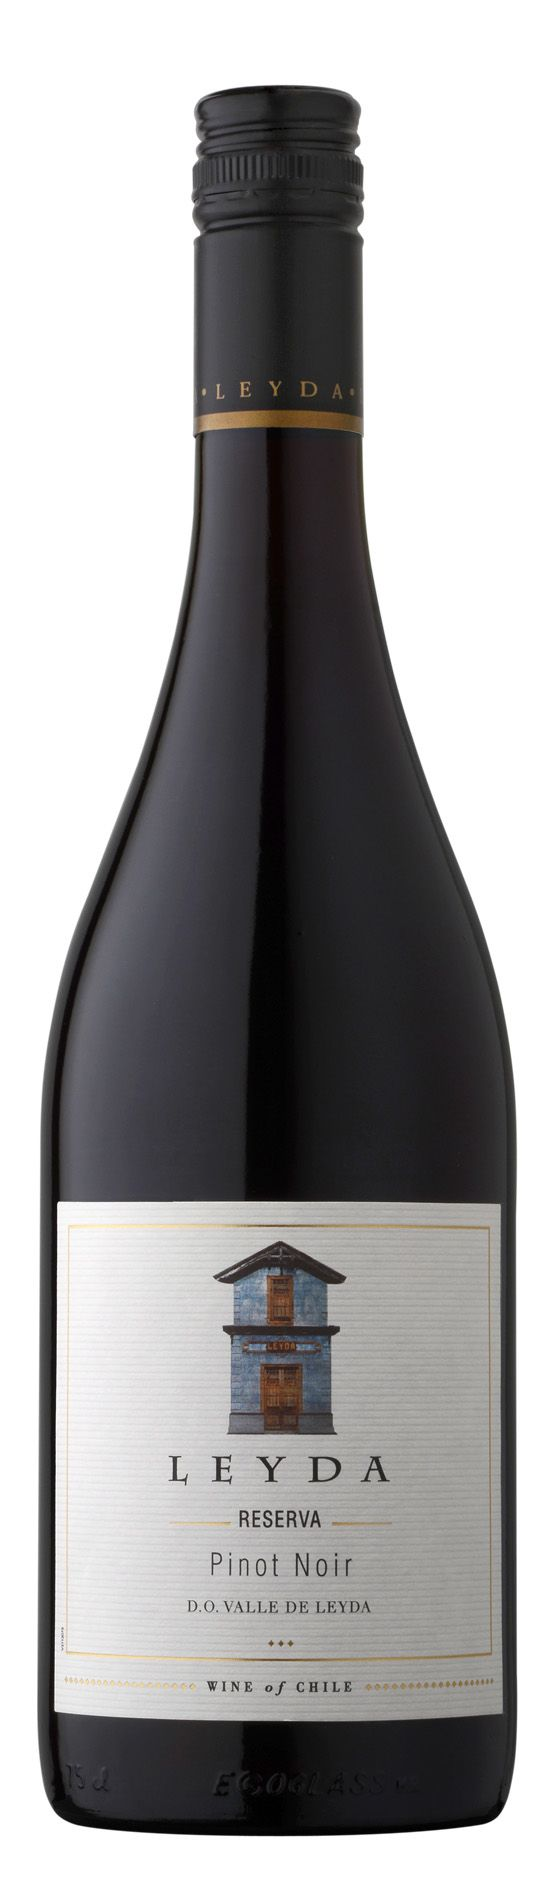 Vinho Leyda Reserva Pinot Noir 375 ml
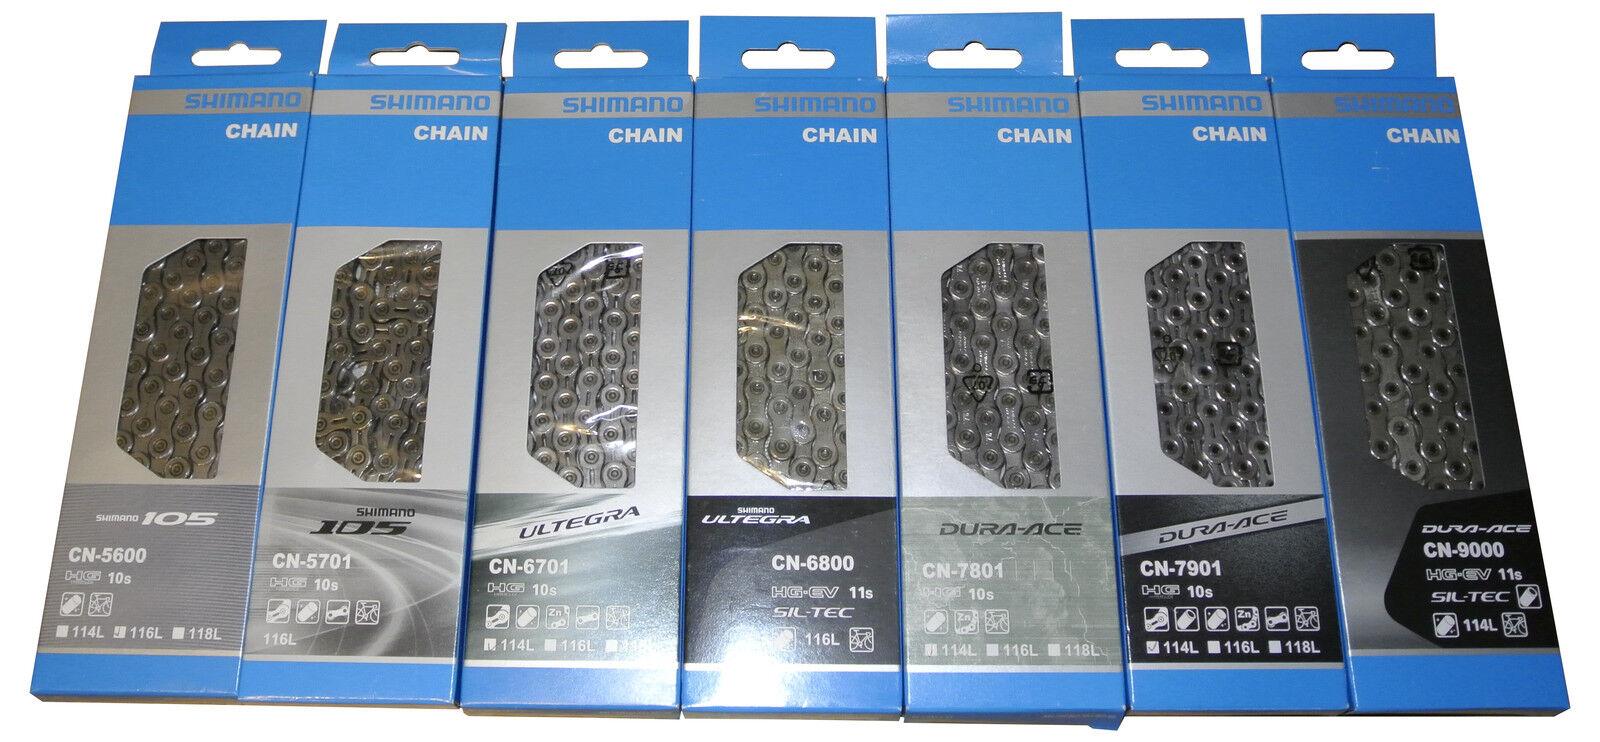 Shimano Kette 5600, 5701, 6701, 6800, 7801, 7901, 9000 (105, Ultegra, Dura Ace)
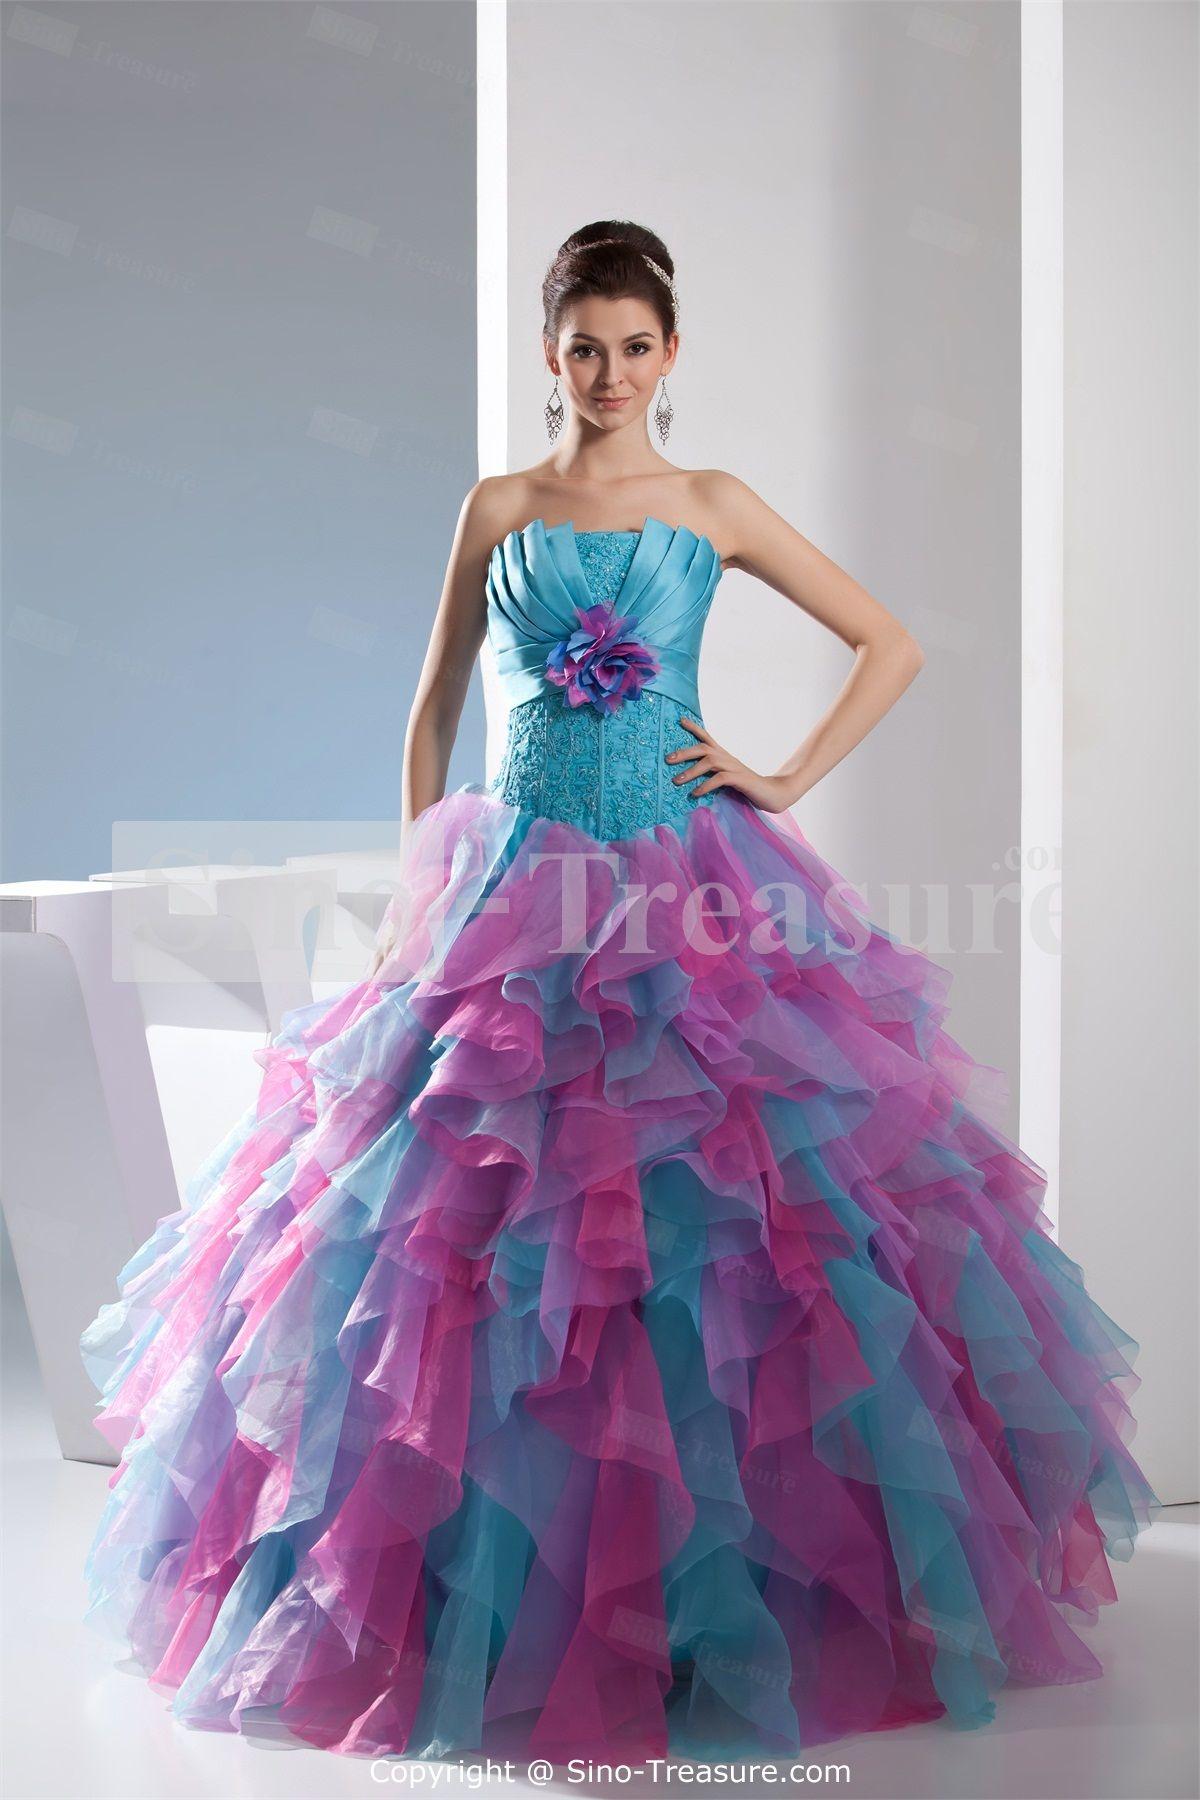 c2b4481b0e164d Beading Strapless Apple Handmade Flower Sleeveless A-Line Prom Dress  Wholesale Price  US 287.99

# # # # #

## Exercise
Write out the material above again, word for word, minus its pictures.

## Finished exercise
 Vinho Leyda Reserva Pinot Noir 375 ml
 Shimano Kette 5600, 5701, 6701, 6800, 7801, 7901, 9000 (105, Ultegra, Dura Ace)
 c2b4481b0e164d Beading Strapless Apple Handmade Flower Sleeveless A-Line Prom Dress  Wholesale Price  US 287.99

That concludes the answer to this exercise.